In recent years, others have collected information on basic economic preferences and personality and noncognitive skill variables (see, e.g., Becker et al. 2012; Jagelka 2020).44 These investigations follow an increase in the links between personality and economic outcomes (Almlund et al. 2011; Heckman, Jagelka, and Kautz 2019). There are still open questions in this evolving empirical literature about how to correct for measurement error and how strongly correlated measures of all these variables are across time (Morris et al. 2021 show low cross-time correlations for many noncognitive skills). Including personality and noncognitive skills is obviously important, and we are eager to see the accumulation of knowledge from other efforts, like those above, that include more and different variables.

As all of these studies are trying to understand a complicated question of first-order importance to behavioral economics—How are many different behaviors related?—it is natural that there would be some overlap. Because this question is both fundamental and complicated and involves a large number of possible measures, it is not likely that there will be a single, definitive, study soon. Instead, we believe that these many studies trace out different features of this complicated enterprise. The ideal cumulative scientific process, in our opinion, is what this area of research is currently working toward: creating a set of studies, all with distinctive strengths, that can be generally assessed as results are published.

VIII.  Conclusion

We elicit 21 econographics from a representative sample of 1,000 US adults in order to create an empirical basis for an underlying structure of more comprehensive theories of behavioral decision-making. We identify six interpretable econographic components that explain a large fraction of the variance in these 21 econographic variables: Generosity, Risk Aversion: WTA, Inequality Aversion/WTP, Overconfidence, Impulsivity, and Uncertainty. These components suggest that representations more parsimonious than current theories of social preferences are possible but that canonical theories of risk preferences are perhaps too parsimonious. Moreover, they suggest limited, and nuanced, connections between risk and social preferences. By studying the relationship between the components we identify and cognitive measures and demographics, we document several stylized facts that may be useful for theorizing.

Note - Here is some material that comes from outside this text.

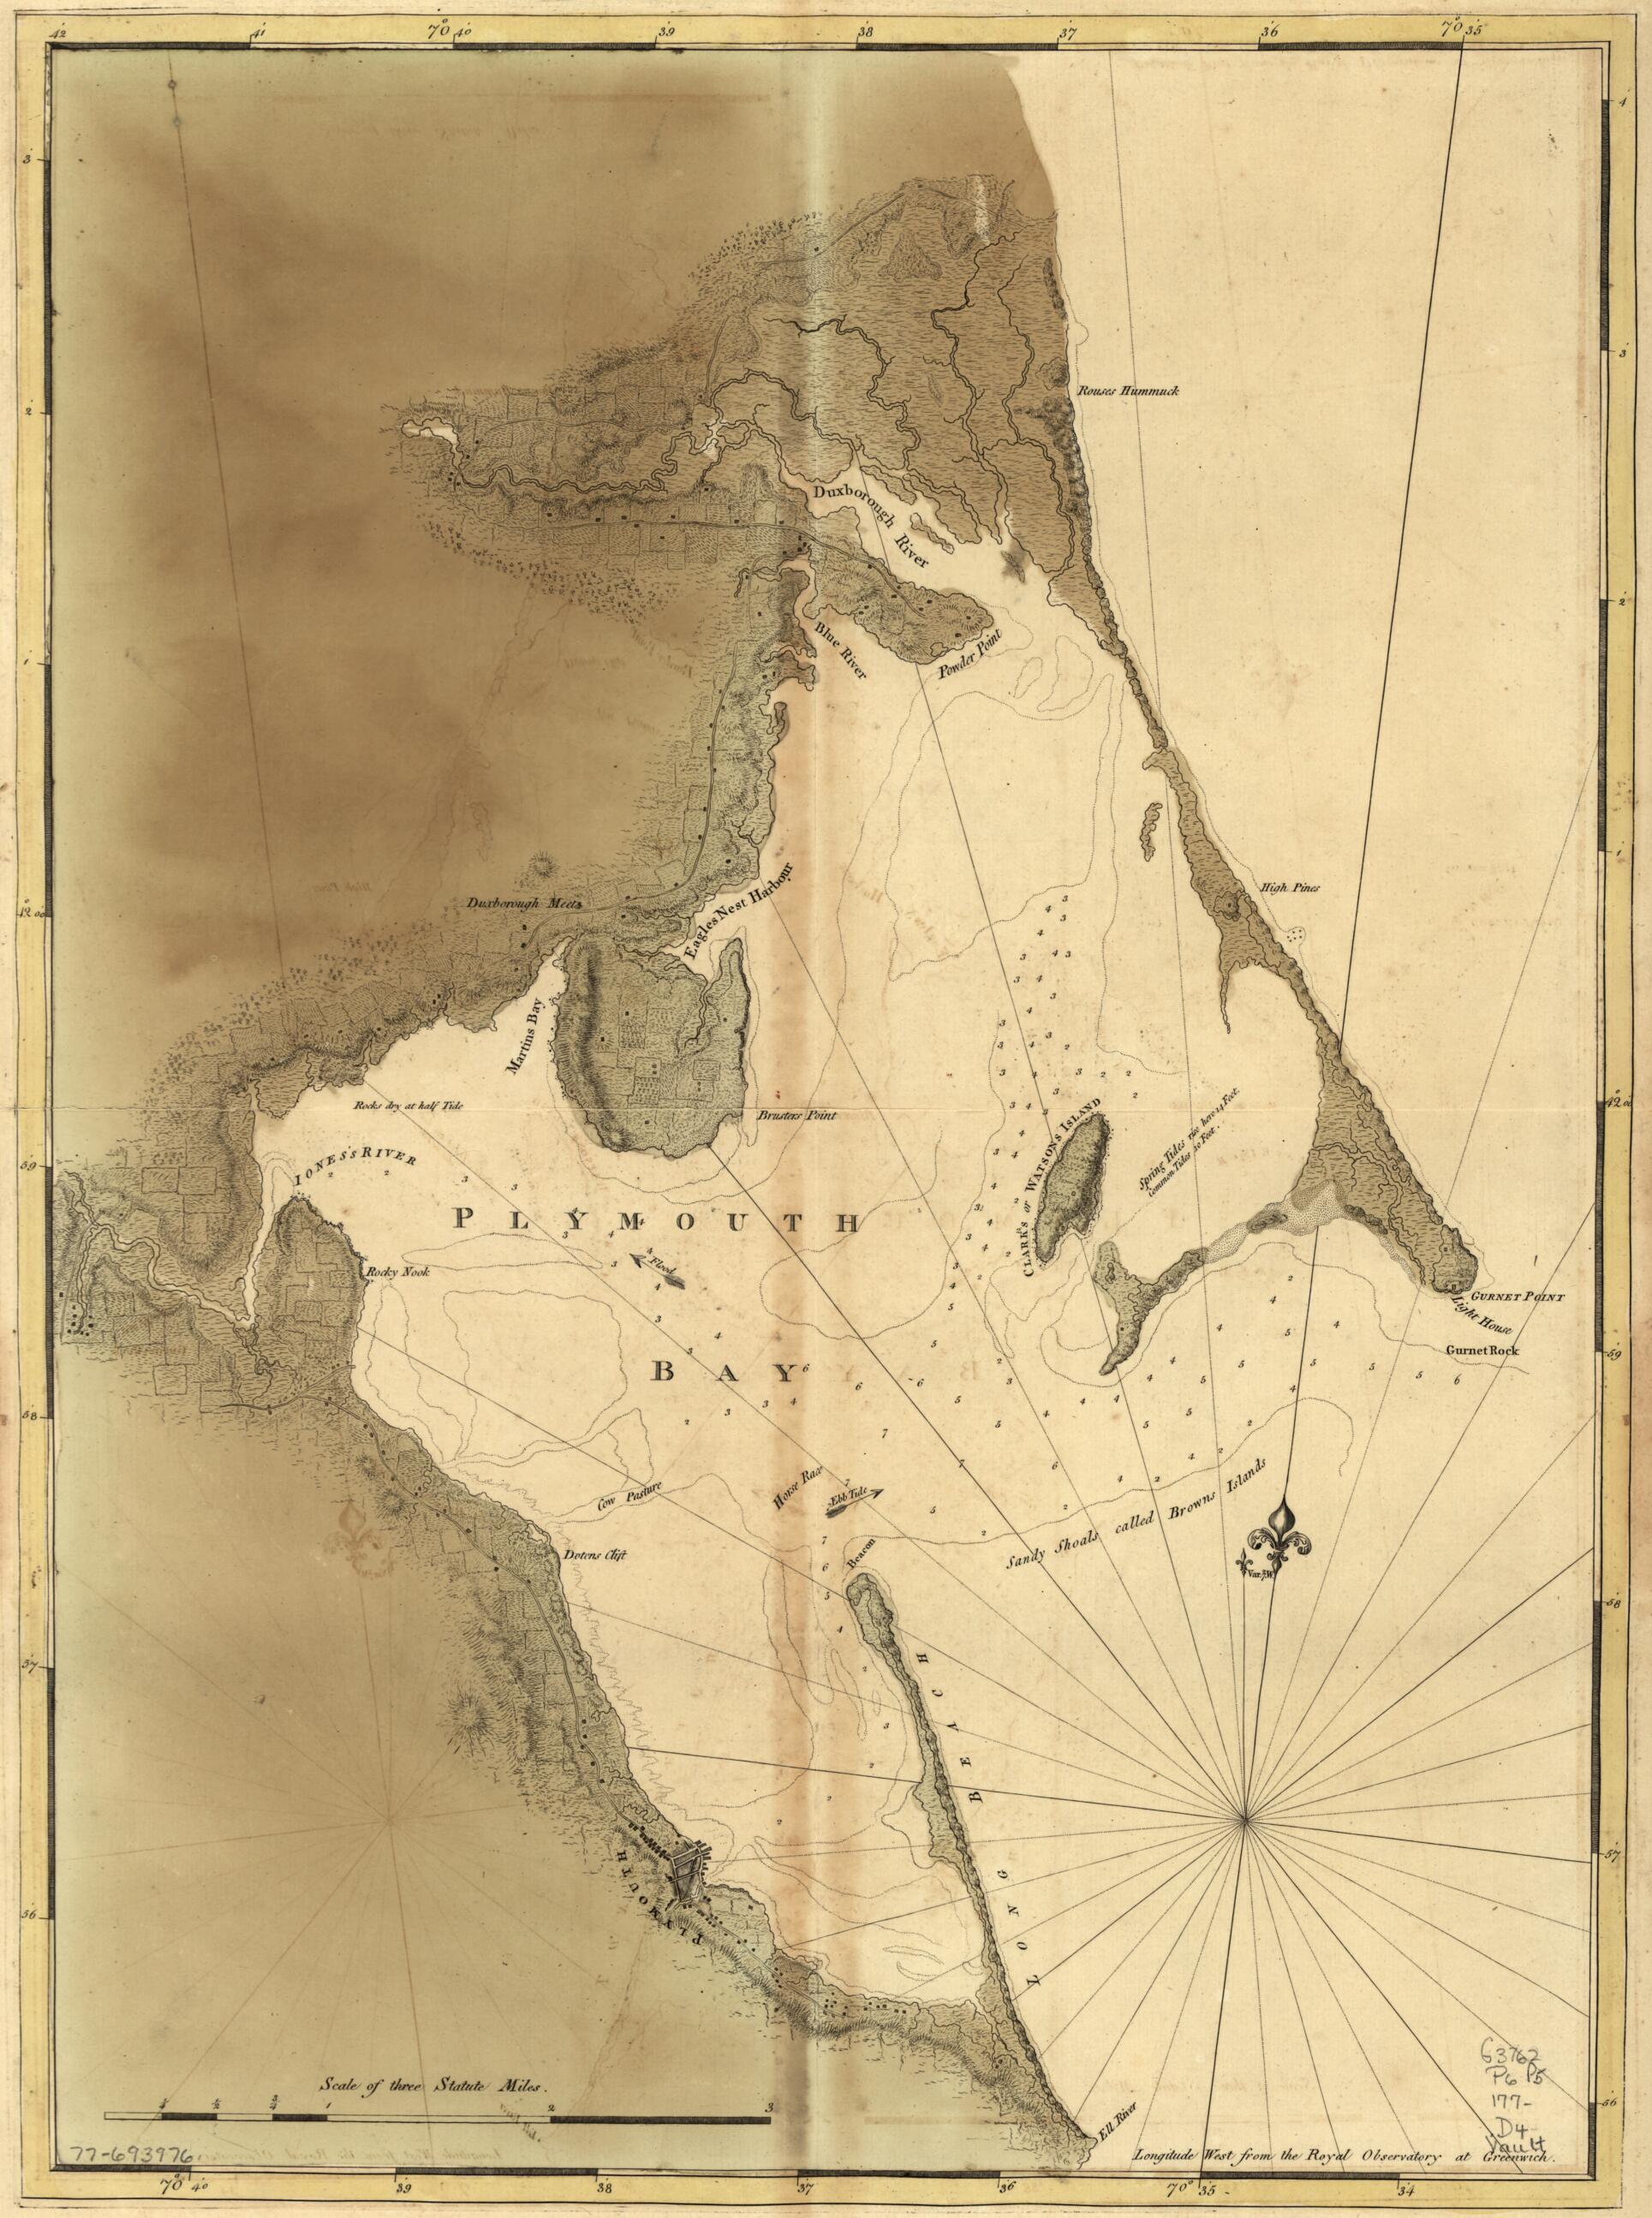 This old map of Chart of Plymouth Bay from 1770 was created by Joseph F. W. (Joseph Frederick Wallet) Des Barres in 1770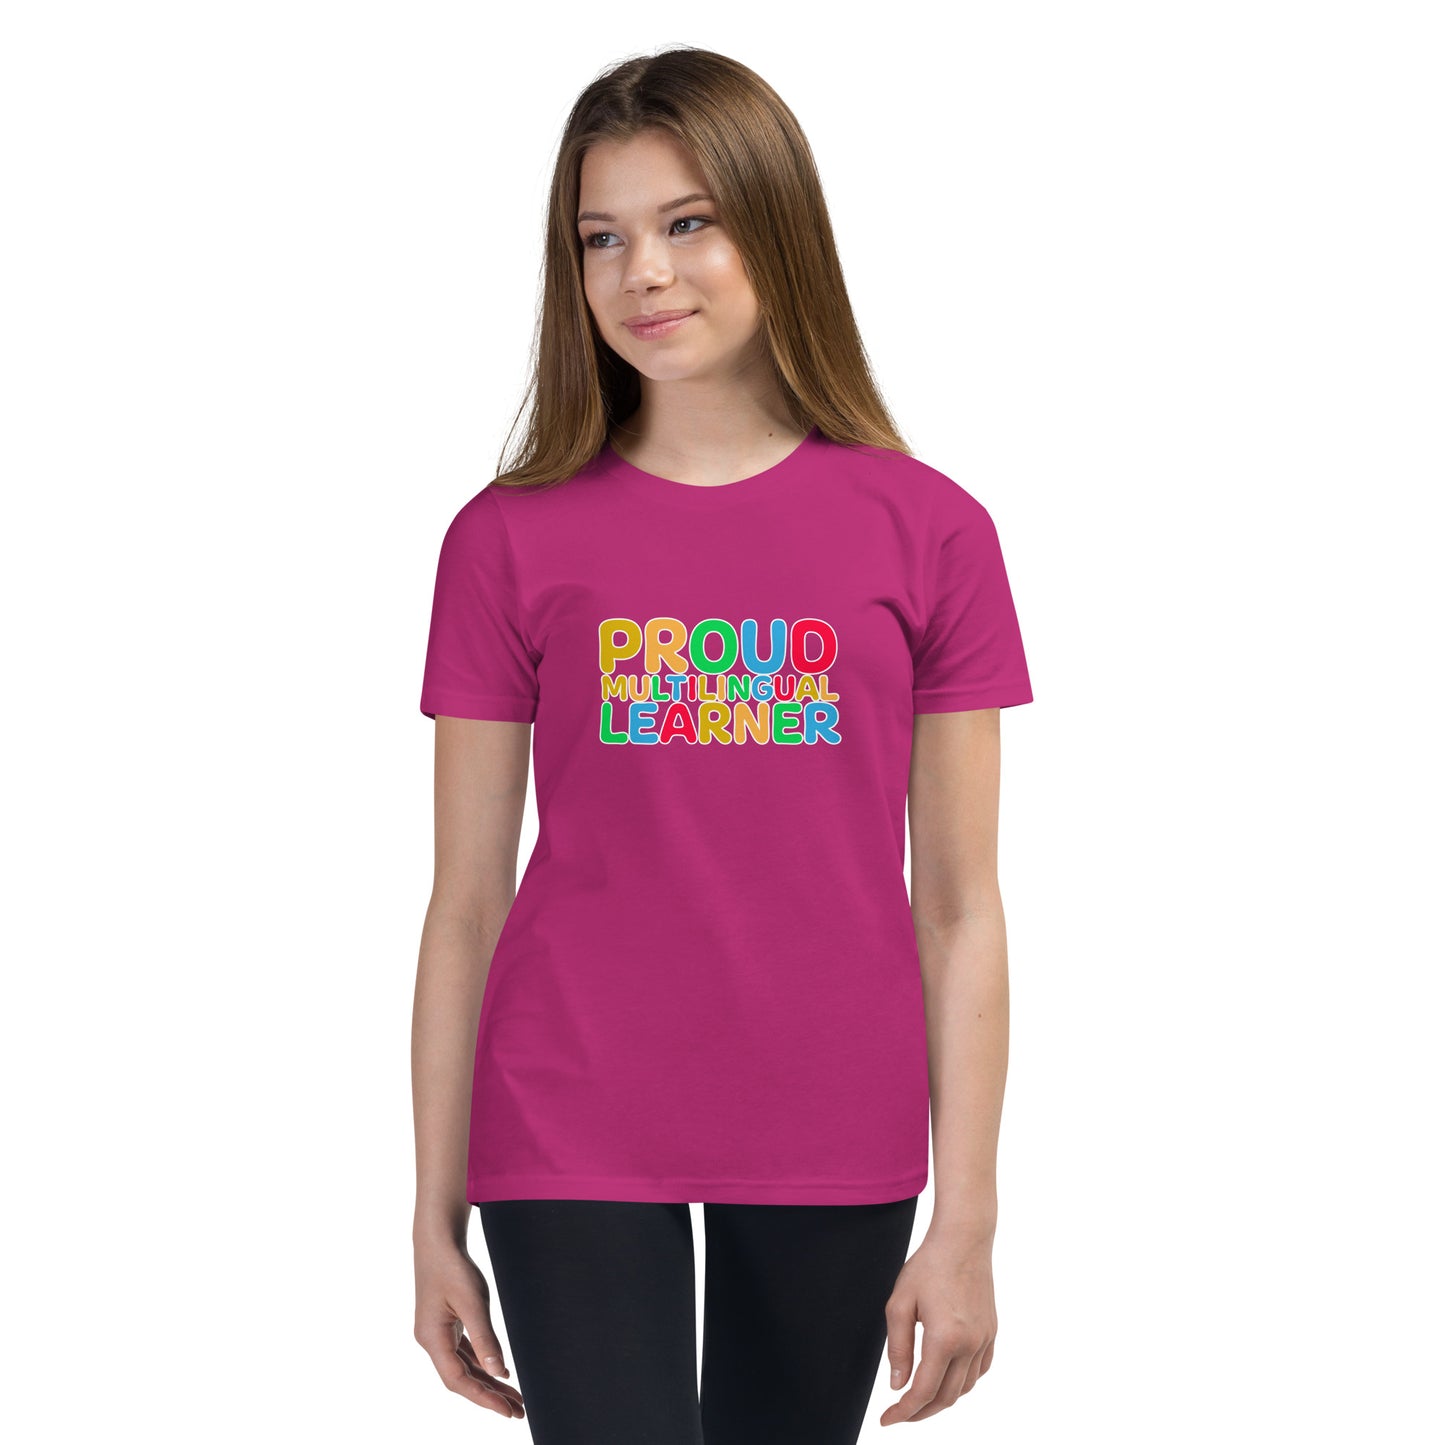 Multilingual Learner Youth Short Sleeve T-Shirt.

A strength of our study is the number of behaviors included in our analysis. However, the behaviors we included were limited both by survey time and by the current literature. These, in turn, present limits for our analyses. A nuanced view of these limitations comes from thinking about what would happen if we had included more, or fewer, measures, which we do in the remainder of this paper. This exercise also speaks to the robustness of our results.

Including an elicitation extremely similar to “Risk Aversion: Gains” has little qualitative effect on our conclusions, as shown in table E.10. This extremely similar measure loads heavily on the second component in Table 7, and this component now becomes the first (in terms of percent of variation explained).45 Thus, the ranking of components may respond to the inclusion or exclusion of measures. Consequently, we have not attached meaning to the ordering in the text.

Removing Dislike Having More reduces the number of components in Table 4 to two but has little qualitative effect on the overall analysis of Table 7, as shown in table E.11.46 Dislike Having Less still combines with the variables in the Risk Aversion: WTP component to form Inequality Aversion/WTP. Thus, it appears that minor perturbations are not particularly consequential, although these exercises have little to say about larger changes.

The robustness here stems from the fact that most correlations between measures—displayed, for example, in tables 3 and 5—are either large or close to zero.47 There are a few middling correlations—such as those between Dislike Having More and other social preference measures. These are the likely sources of fragility in PCA. Adding a variable with a number of middling correlations may cause parallel analysis to suggest the inclusion of an additional component, and this inclusion may lead to extensive changes in existing components. Consequently, the components are useful for making sense of the large correlation matrices in our analysis. However, the correlation matrices themselves are the most robust—and consequential—part of the analysis, as these are the fundamental patterns upon which latent variable models, such as PCA, are built.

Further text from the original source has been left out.